The average translational kinetic energy of `N_2` gas molecules at _________ `""^@C` becomes equal to the K.E. of an electron accelerated from rest through a potential difference of 0.1 volt. (Given `k_B = 1.38 xx 10^(-23) J//K`) (Fill the nearest integer).
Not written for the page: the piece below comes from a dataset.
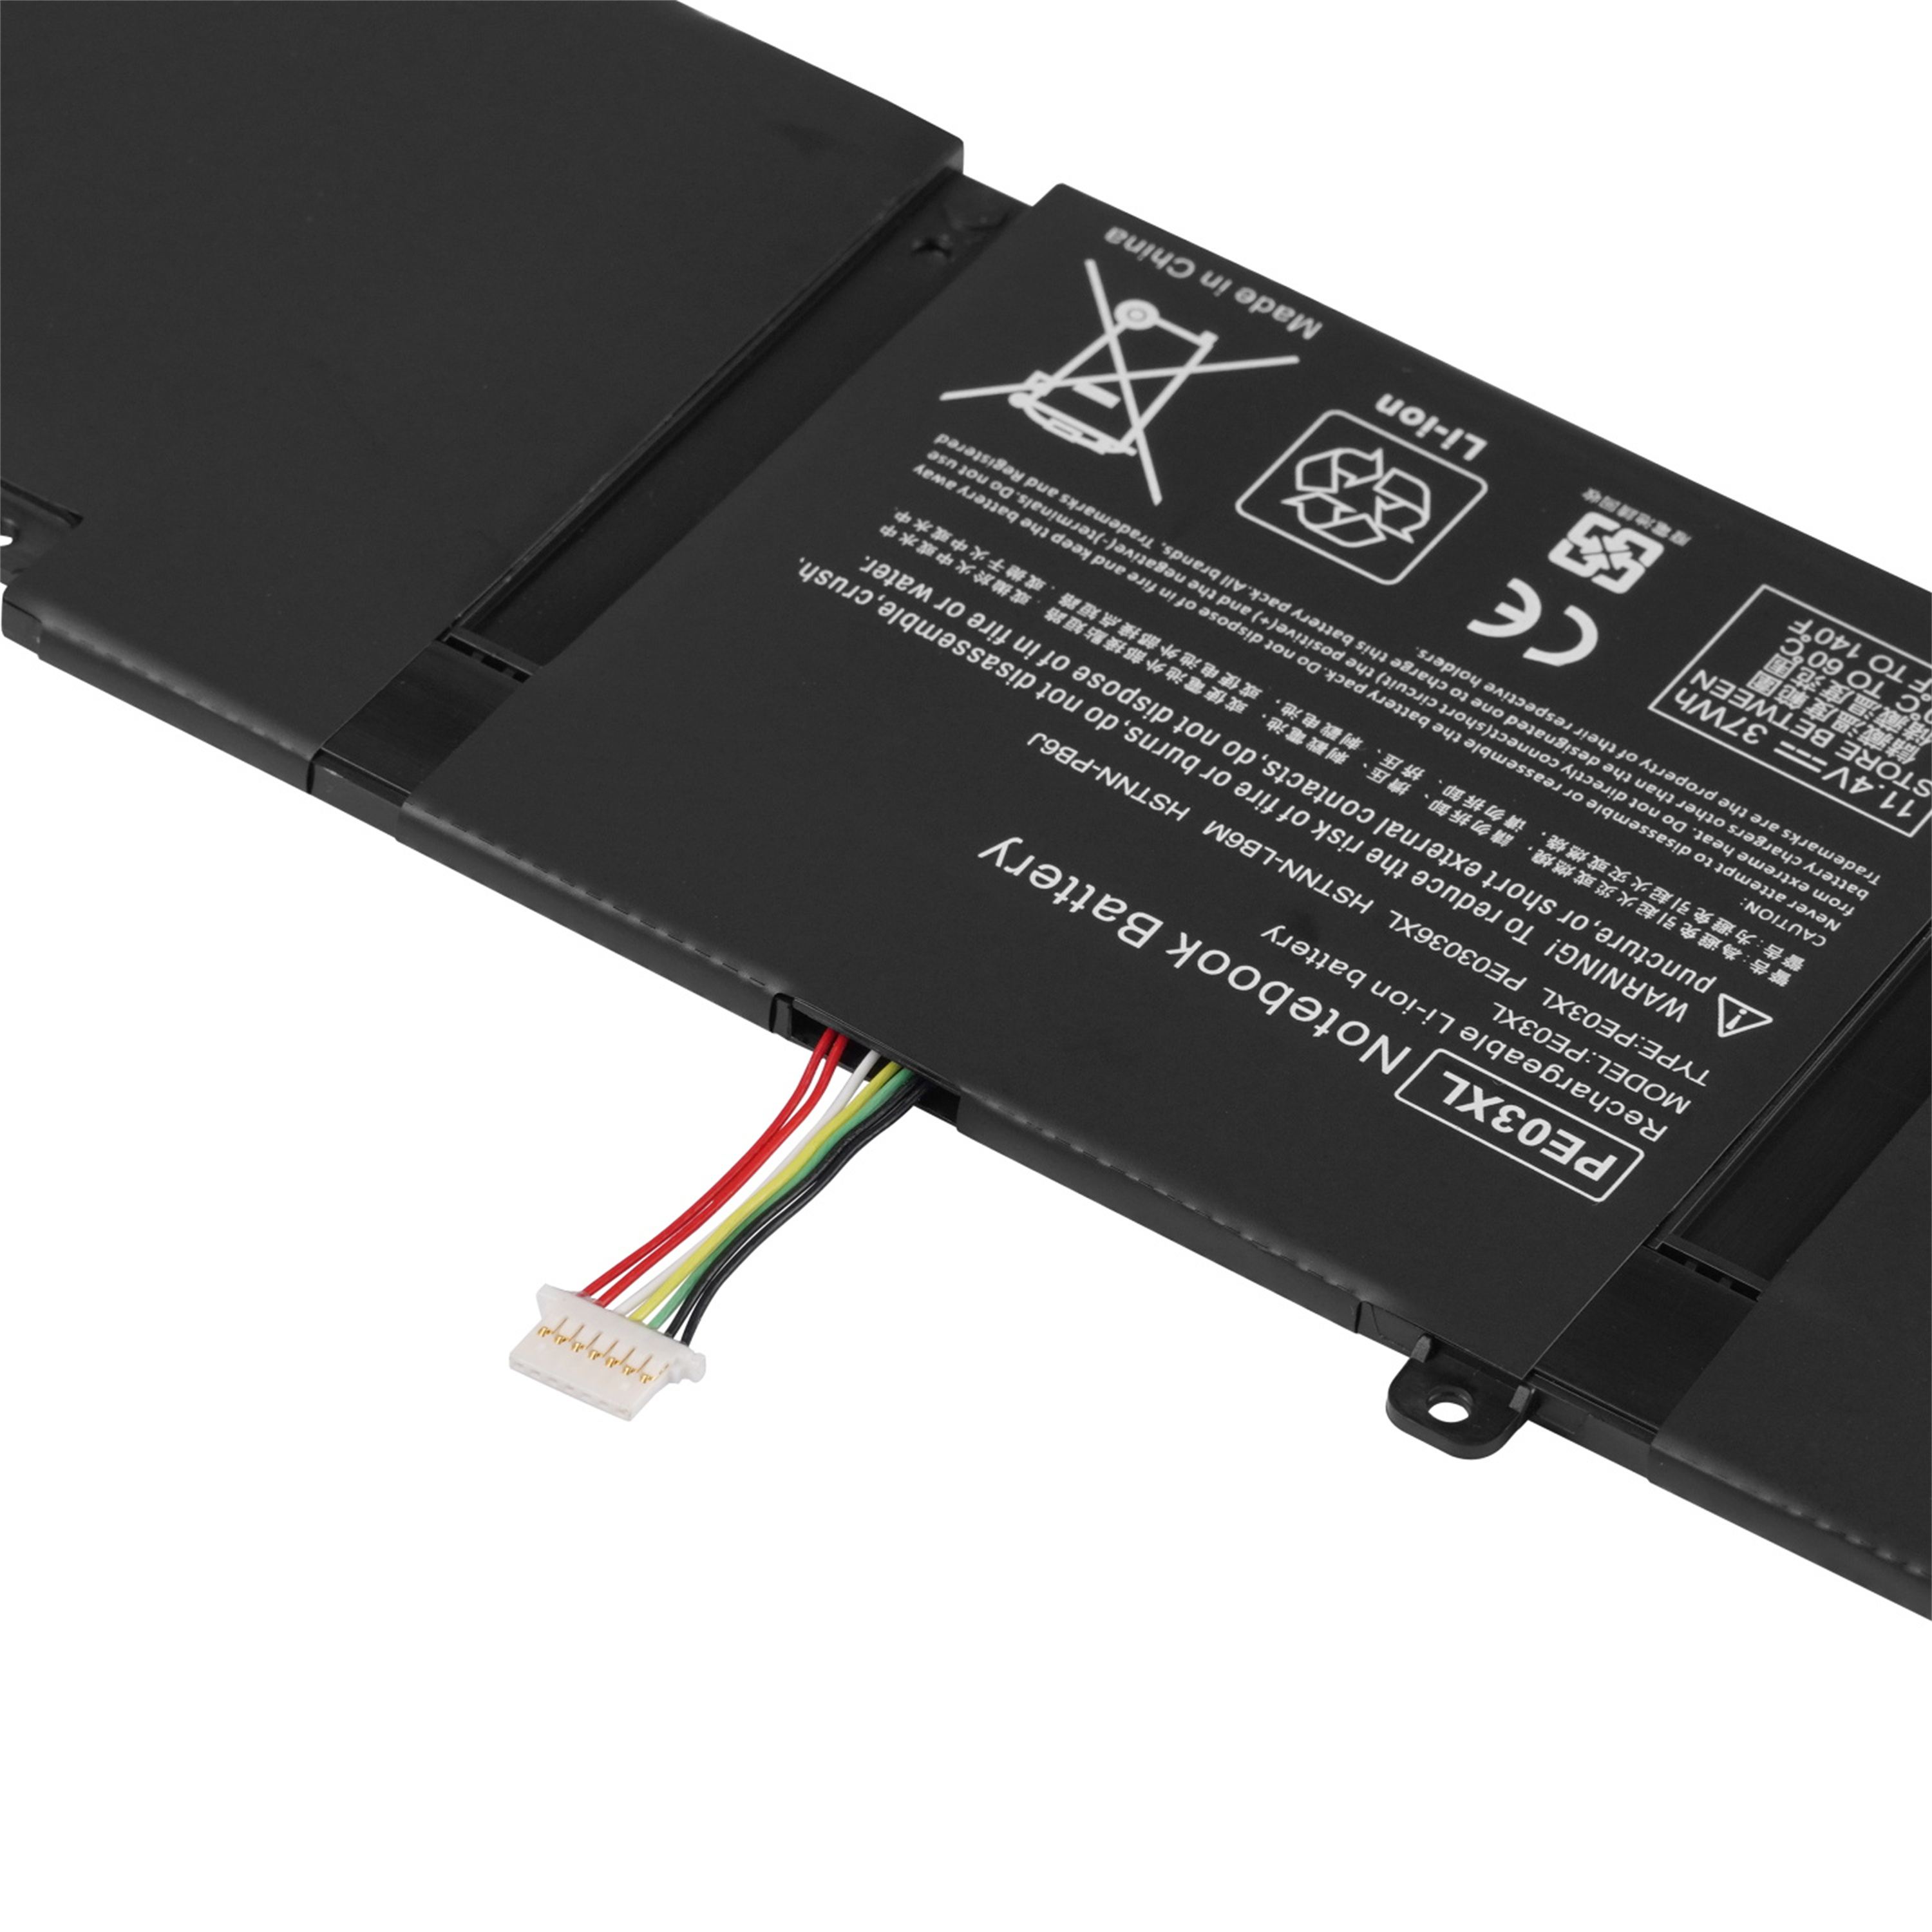 PE03XL rechargeable lithium ion Notebook battery Laptop battery for HP Chromebook 11 G1 G3 G4 767068-005 766801-42111.4V 37Wh 3cell

To solve the problem, we need to find the temperature at which the average translational kinetic energy of \( N_2 \) gas molecules equals the kinetic energy of an electron accelerated through a potential difference of 0.1 volts. ### Step-by-Step Solution: 1. **Understanding Kinetic Energy of Gas Molecules:** The average translational kinetic energy (K.E.) of a gas molecule is given by the formula: \[ K.E. = \frac{3}{2} k_B T \] where \( k_B \) is the Boltzmann constant and \( T \) is the temperature in Kelvin. 2. **Kinetic Energy of the Electron:** The kinetic energy (K.E.) of an electron accelerated from rest through a potential difference \( V \) is given by: \[ K.E. = eV \] where \( e \) is the charge of the electron (\( e = 1.6 \times 10^{-19} \) C) and \( V = 0.1 \) V. 3. **Calculating the Kinetic Energy of the Electron:** Substituting the values, we find: \[ K.E. = 1.6 \times 10^{-19} \times 0.1 = 1.6 \times 10^{-20} \text{ Joules} \] 4. **Setting the Two Energies Equal:** Now, we set the average translational kinetic energy of the \( N_2 \) gas equal to the kinetic energy of the electron: \[ \frac{3}{2} k_B T = 1.6 \times 10^{-20} \] 5. **Substituting the Value of \( k_B \):** We know \( k_B = 1.38 \times 10^{-23} \text{ J/K} \). Substituting this into the equation gives: \[ \frac{3}{2} (1.38 \times 10^{-23}) T = 1.6 \times 10^{-20} \] 6. **Solving for Temperature \( T \):** Rearranging the equation to solve for \( T \): \[ T = \frac{1.6 \times 10^{-20} \times 2}{3 \times 1.38 \times 10^{-23}} \] \[ T = \frac{3.2 \times 10^{-20}}{4.14 \times 10^{-23}} \approx 773.0 \text{ K} \] 7. **Converting Kelvin to Celsius:** To convert from Kelvin to Celsius, we use the formula: \[ T(°C) = T(K) - 273 \] Thus, \[ T(°C) = 773 - 273 = 500 °C \] ### Final Answer: The average translational kinetic energy of \( N_2 \) gas molecules at **500 °C** becomes equal to the K.E. of an electron accelerated from rest through a potential difference of 0.1 volt.